We hope and pray that nothing will happen to our home, but it’s a good idea to be prepared “just in case.” You likely have insurance on your home and many material things in your house can be easily replaced should disaster strike. Other things like photos and important documents can be hard or impossible to replace. Missing documents can make it harder to rebuild after disaster strikes. That’s why it is a good idea to keep them safe and secure.
A good fire safe will survive a lot of damage. Invest in a quality one for any documents you want to keep at home. You can get a fairly small box that can be stashed away in a closet or cabinet. Make sure both you and your spouse know where the safe is kept and has a key to open it.
2. Get A Bank Deposit Box
You may also want to rent a bank deposit box and store important documents, or notarized copies of them there. This will come in handy when you need the information on the documents (i.e. your insurance policy number), or you need to replace documents that didn’t survive a home emergency.
3. Make Physical Copies
It’s amazing how much easier it is to get a replacement passport or birth certificate if you have a copy of the original. That’s why it’s helpful to make these paper copies and keep them in a secure offsite location (like a bank deposit box). You could also keep them at a family member’s home. Make sure the copies are stored safely to avoid issues like identity theft.

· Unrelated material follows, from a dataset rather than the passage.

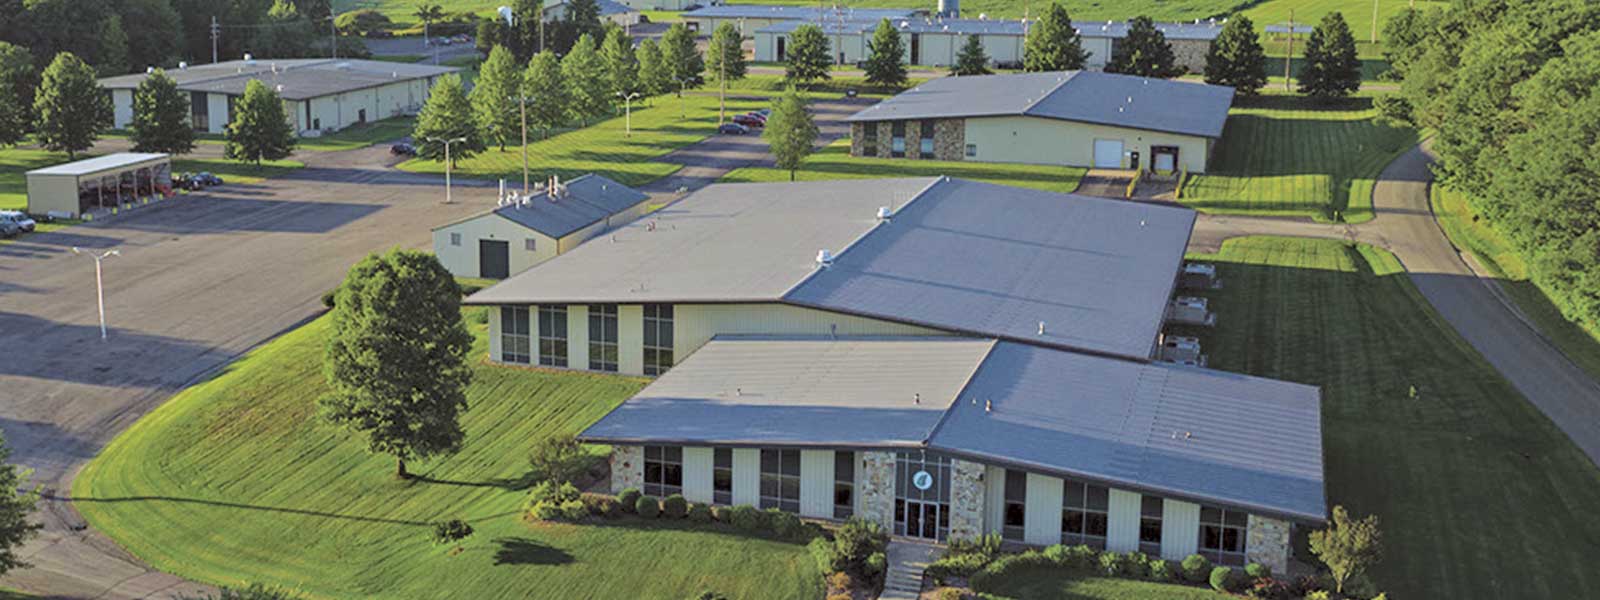 Greenleaf Corporation Facilities in Saegertown, Pennsylvania

4. Make Digital Copies And Store Them Online
Go ahead and scan the documents or take pictures of them with your phone and store them on a secure online server. Places like One Drive, or even Google Photo, will store quite a bit of information for you free of charge. Since your document scans are living in the cloud, you can easily access them from anywhere with your phone or a borrowed computer. This also makes it easy to email them off to insurance agents, or government officials to get replacement documents made.
5. Upload to Thumb Drives
Upload copies of your important documents to thumb drives. You can keep one in your purse or wallet, car, everyday carry bag, and your bug-out bag. Set passwords so that they can’t be accessed if lost or stolen. Thumb drives frequently go on sale; I recommend purchasing them in multi-packs.
Spend a little time this week to sort through your most important documents and get your paperwork in order. It won’t take you long to scan them, take pictures of them, and/or make photo copies. The little work you’re doing now to be prepared will potentially safe you a lot of headache down the road.
Schedule it on your calendar to revisit your documents every 6 months to make sure everything is up to date and in order. Once the original setup is done, it will be much easier to keep up with it. You’ll likely only need to change out one or two document copies a year.